Чжэн Ли кивнул с улыбкой и убрал флейту:
— Только потому, что ты пригласил меня сегодня, я достал эту флейту. Внезапно понял, что немного отвык.
Взгляд Гао Сяояня упал на Чжэн Юй. Он хотел что-то сказать, но сдержался.
Чжэн Юй улыбнулась и кивнула. Понимая, что ему трудно попросить ее сыграть, она встала, сделала реверанс и сказала:
— Я хорошо играю на цине, но раз мое мастерство уступает твоему, я сыграю на кунхоу.
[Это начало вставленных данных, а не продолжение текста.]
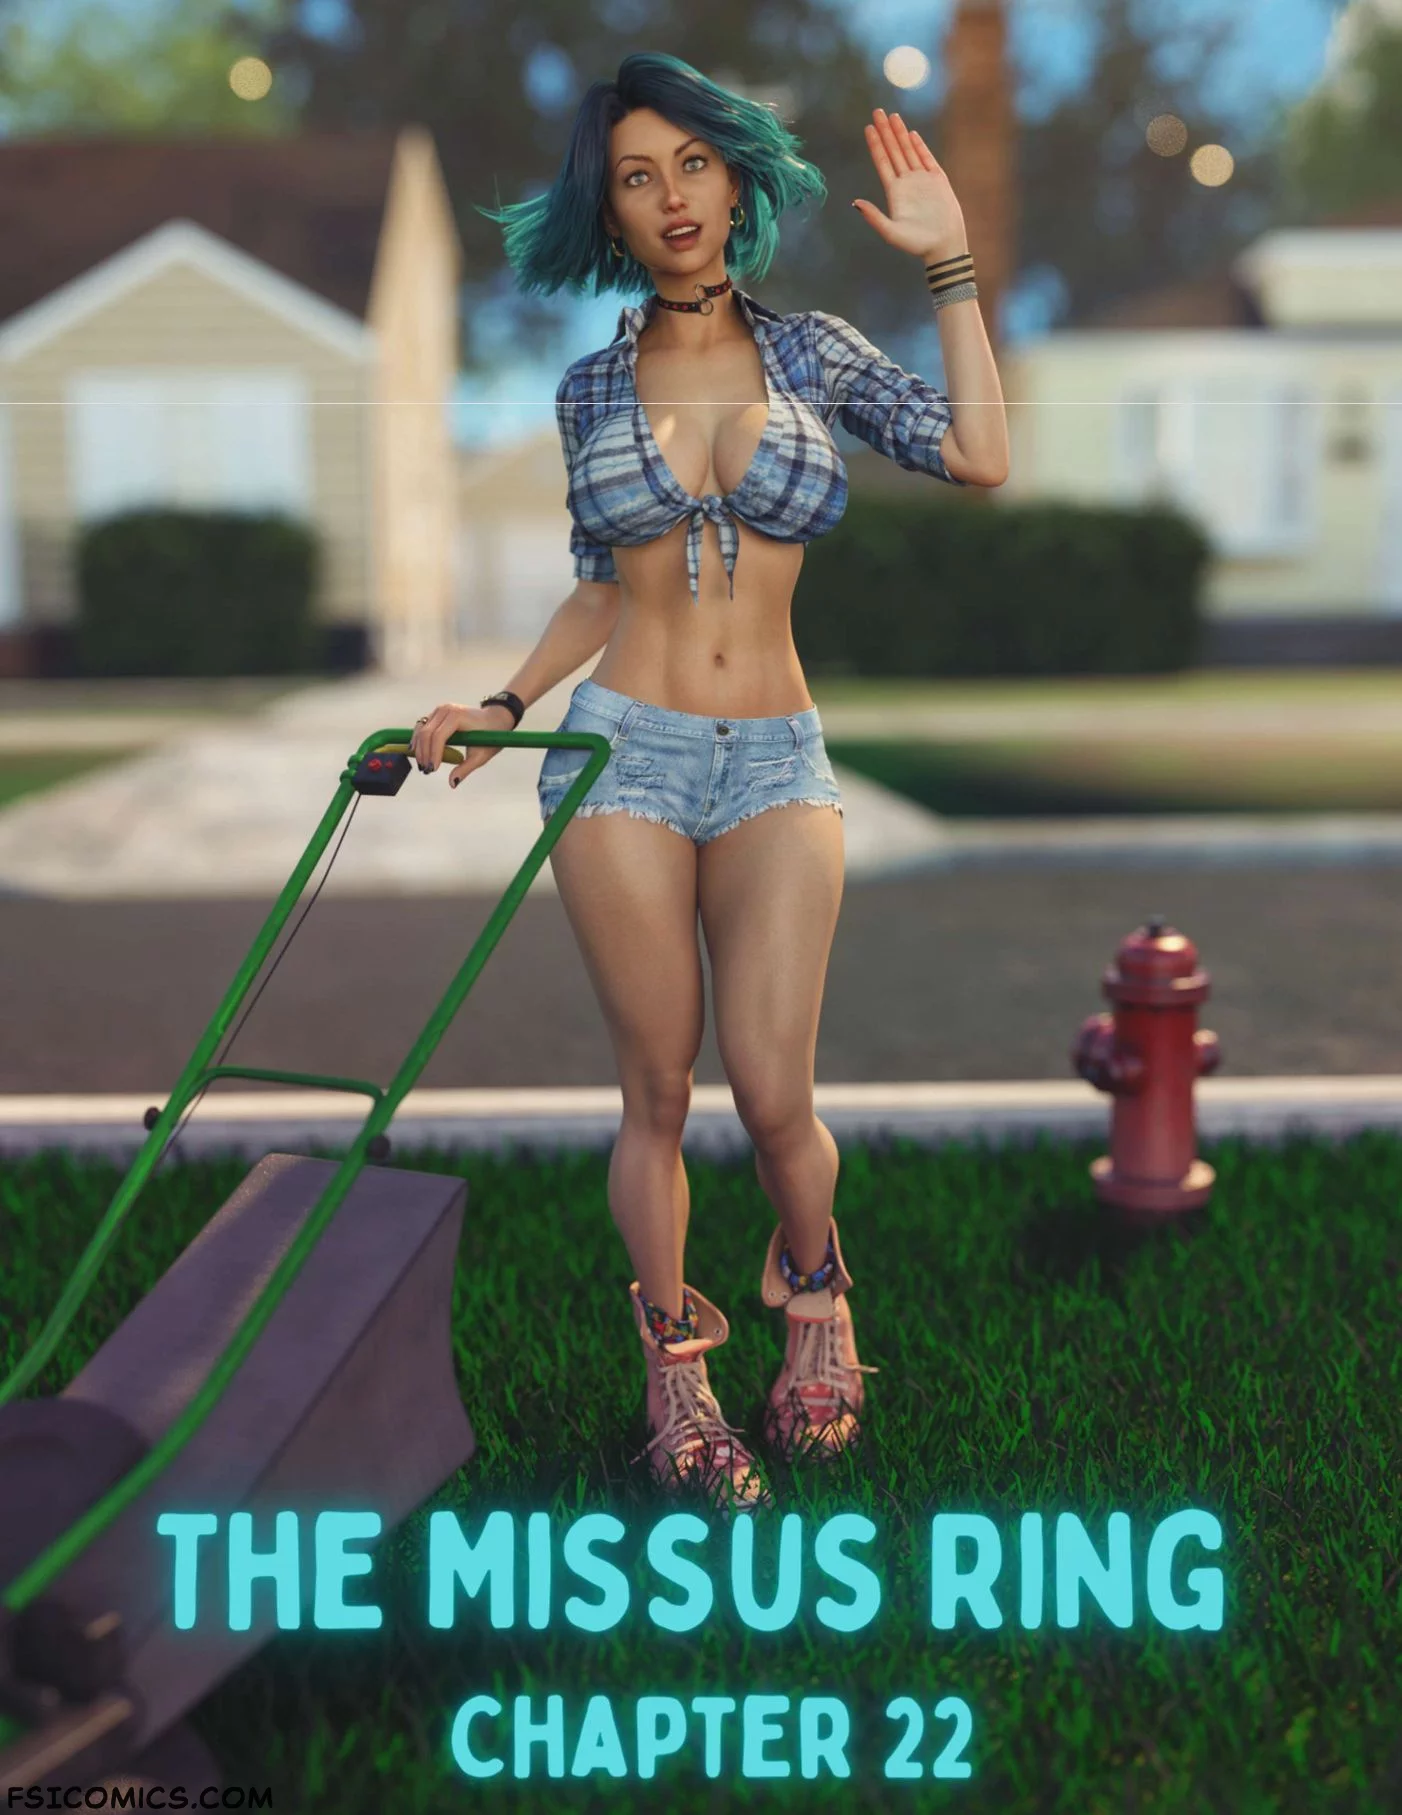 The Missus Ring Chapter 22 - Lexx228 | RawlyRawls - 145 - FSIComics
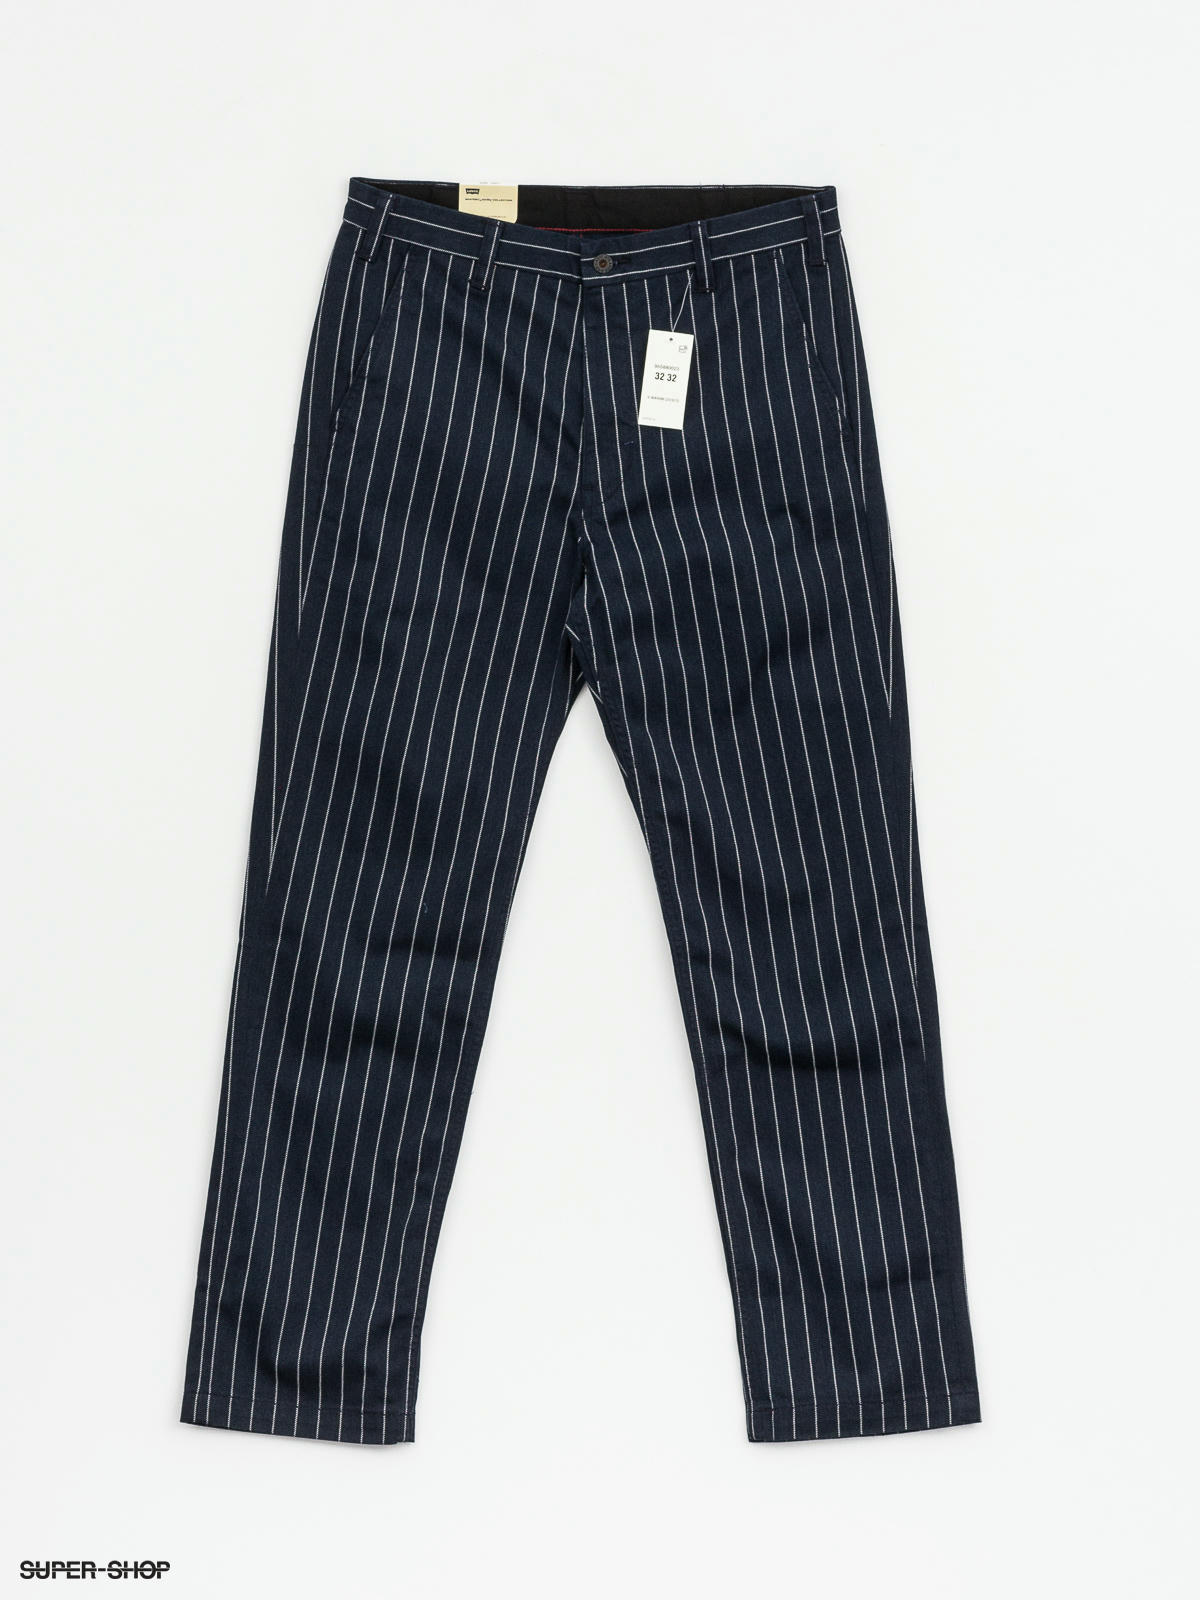 Levi's Pants Work Pant (pin stripe)

Легким движением нефритовых пальцев она извлекла звуки, которые перенесли слушателей в туманный Цзяннань с его чистыми лотосами и ивами, смутными ароматами и тенями. Утренние полеты и вечерние свитки облаков, изумрудные павильоны, лодки, плывущие по подернутой дымкой воде, нити дождя и порывы ветра, мощеные камнем переулки под дождем и нежный говор жителей У.
Каждая нота выражала тоску по родине. Теперь пламя войны добралось до этой прекрасной и хрупкой земли, а она сама была далеко, в городе Е. Музыка внезапно оборвалась. Глаза Чжэн Юй покраснели. Она встала и извинилась:
— Если я продолжу играть, то потеряю самообладание.
——————————
Лань Цзин снял халат и положил его на стол. Сквозь грубую ткань он потер ноющую руку. Повернув белую фарфоровую вазу, он снял со стены картину с красной сливой на зимнем снегу. За ней обнаружился потайной отсек. Меч, которым он когда-то убивал врагов на поле боя и который был обагрен кровью бесчисленных противников, теперь покрылся пылью и лежал в тесном темном углу, не видя света.
Вокруг стояла полная тишина. Холодный лунный свет проникал в комнату, разрезанный оконной решеткой, и ложился пятнами на стол. «Господин», — красная тень, словно призрак, метнулась в комнату. В лунном свете показалось бледное, как манчжушахва, лицо. Человек слегка поклонился Лань Цзину, но если присмотреться, можно было заметить, что поклон был формальным, без истинного подчинения.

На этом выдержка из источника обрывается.